Dust if you must, but wouldn’t it be better
To paint a picture, or write a letter,
Bake a cake, or plant a seed;
Ponder the difference between want and need?
Dust if you must, but there’s not much time,
With rivers to swim, and mountains to climb;
Music to hear, and books to read;
Friends to cherish, and life to lead.
Dust if you must, but the world’s out there
With the sun in your eyes, and the wind in your hair;
A flutter of snow, a shower of rain,
This day will not come around again.
Dust if you must, but bear in mind,
Old age will come and it’s not kind.
And when you go (and go you must)
You, yourself, will make more dust.
~ by Rose Milligan
My nephew, around 6 years old, loves going to beach. He lives in a sea-side house.
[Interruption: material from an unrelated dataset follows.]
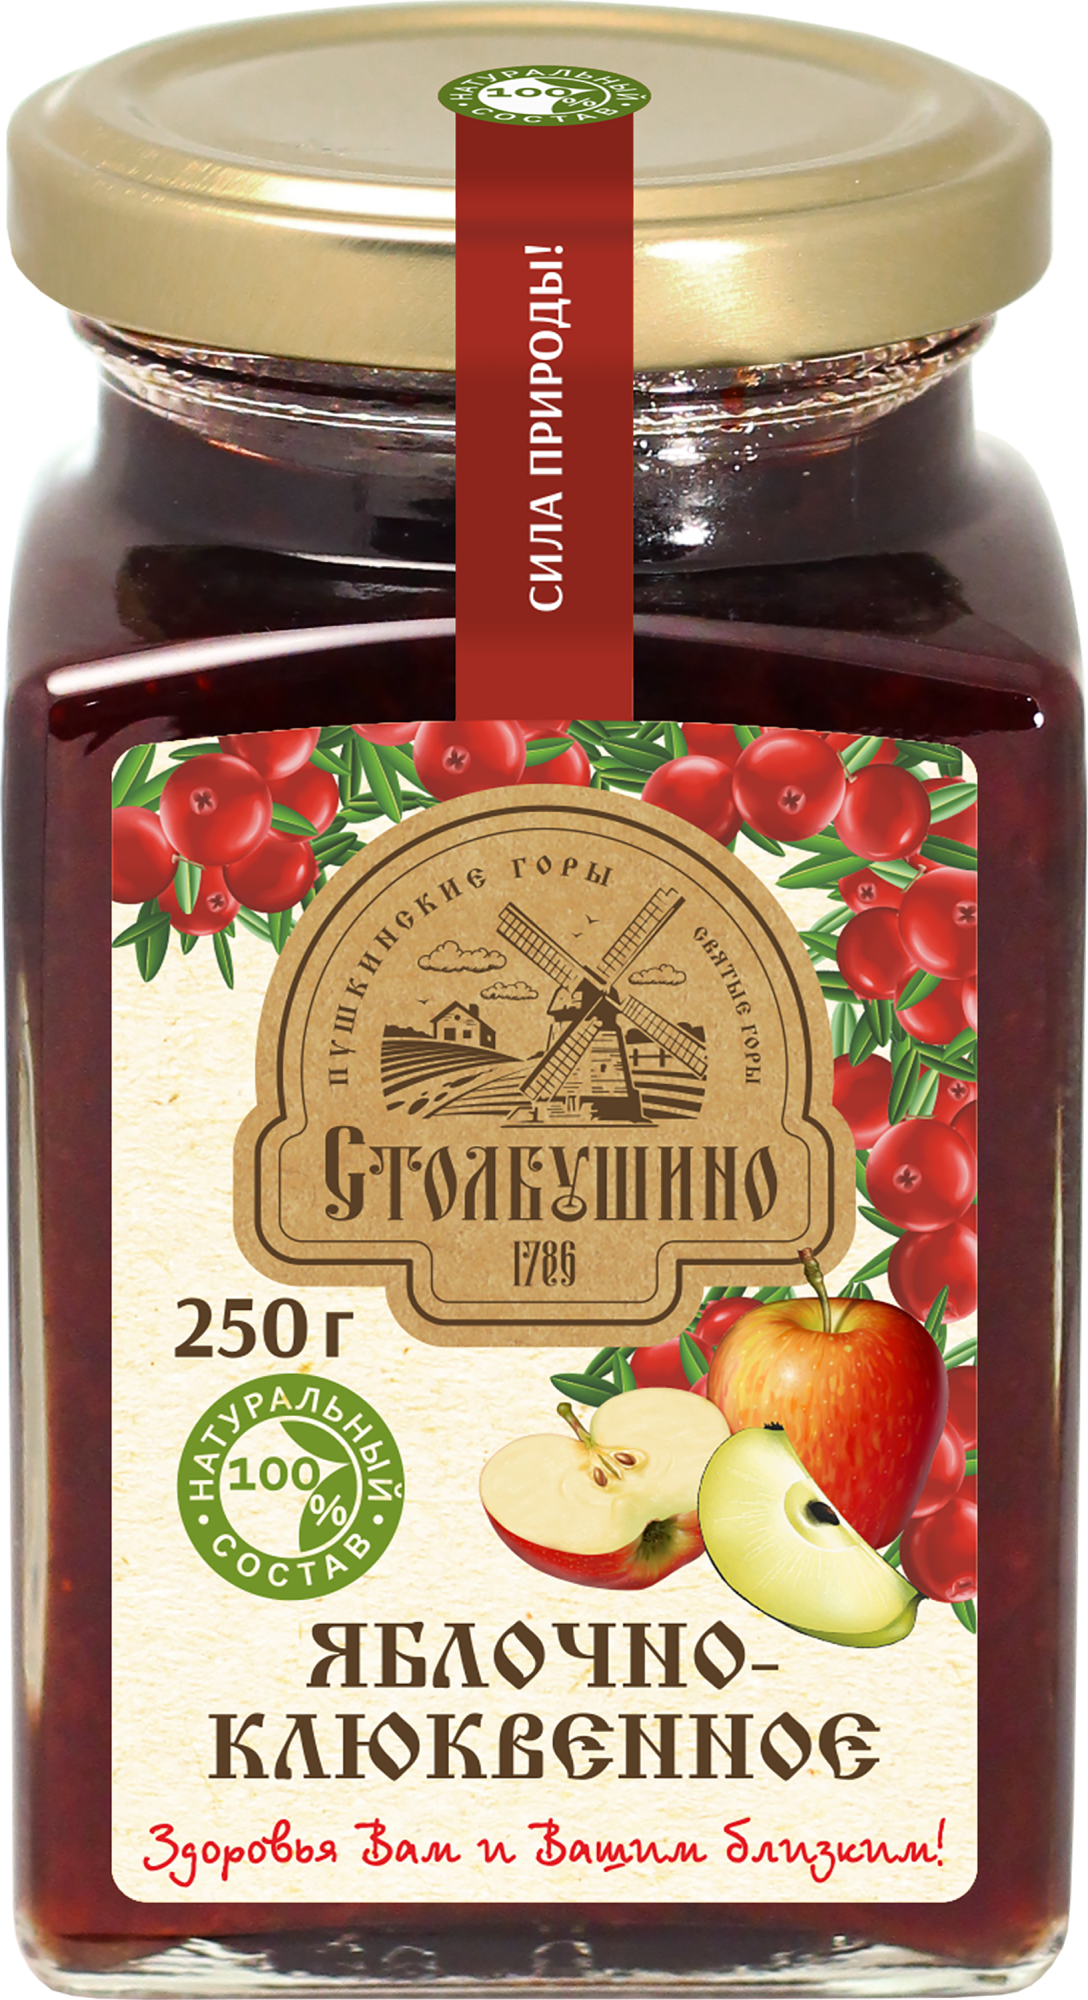 Stolbushinsky sterilisierte Apfel-Cranberry-Konfitüre

And on the days, he is not going to school, he takes his petty tools to the beach and try and build something out of them.
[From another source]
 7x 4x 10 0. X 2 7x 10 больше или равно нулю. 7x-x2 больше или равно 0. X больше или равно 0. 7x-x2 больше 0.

He digs the sand using his shovel, put the same in his bucket. He then mixes it with water. And then using his molds he tries and build a structure from the same. He then leaves the same to dry under the sun. So that once it is complete, he can peacefully go back home.
Around two miles away from where he is, his father (my cousin), busy in his fancy office in a multi-storied building located in a posh commercial complex in the city. He has his eyes glued on a 21 inches computer screen, taking, and sending quotes, trying not to miss a single piece of information available.
One thing is common between both father and son. They are both trying to build their own castles. The little man is building a castle that holds its own grandeur. Something no other person he knows has built. His father, on the other hand, is working extremely hard to build his own fortune and that for his family.
Also, they both get dusted in the process. My nephew soils all his clothes become all dirty, but that is okay. It’s all worth it. His father, on the other hand, faces the question of ethical correctness. Sometimes he must go beyond his ethics, gets dirty. But that is okay. In the end, it is all worthy.
However, there is one difference. My nephew is building his castle near the sea. And he knows a wave might come and wash away his castle. And all that he worked for might whither away, just like that. And if that happens, he won’t retaliate.
But if the same happens with his father, my cousin, he won’t be able to take it. First, he would resist the wave trying to wash away his castle. Then, maybe, he would try and fight it. At last, he may beg it to have mercy on him. After all, how can he let a wave wash away the castle that he built from his blood and sweat?
So, the moral of the story is simple. It is always good to build a castle. Put all your efforts into doing the same. In the process, “dust, if you must”. But remember to do it with a child’s heart. That way, life would be much simple and easy.
Though, this poem (Dust if You Must) by Rose Milligan is quite famous. Not much information about her bio is available online.
However, one thing, it seems like she herself was quite engrossed in housework, during her lifetime. That she decided to give this beautiful message to the world, about the wisdom of life. And she made this beautiful poem.
If you find some text about the poet, please share the same with us. Comment below or contact us.
“Dust If You Must” is a beautiful poem by Rose Milligan that reminds you to make most of your life before your hands lose grasp of it. It emphasizes the importance of doing things that satisfy your soul.
Rose Milligan emphasizes the importance of doing the things that make you happy like painting, cooking, writing, or even gardening. Take time out, to understand the difference between your wants and needs.
The poem’s mood moves from a lighter to the darker mood which each stanza. As she moves her emphasis from stating the importance of following hobbies to why we must do those things.
In the second paragraph, she talks about not having enough time for these things. In the third stanza, she goes further to state the time gone will not come again. And in the last stanza, she finally talks about the “unkind” old age, and certainty of death.
Throughout the first three paragraphs, she uses the word “dust” in a fun way. And in the last one “dust” represents your final form once you are dead (which sounds a little creepy). Overall, the poem is full of words of wisdom for all people running in the race of life, who have, somehow, forgotten to live.
“Dust if you must” is a 16-line beauty with four quatrains. Each stanza follows a rhyming scheme of AABB.
The first four words of the poem are ‘refrains’. They repeat themselves at the beginning of each stanza.
Each line in the poem has a different number of feet. So, we can call it a rhyming poem with the common meter.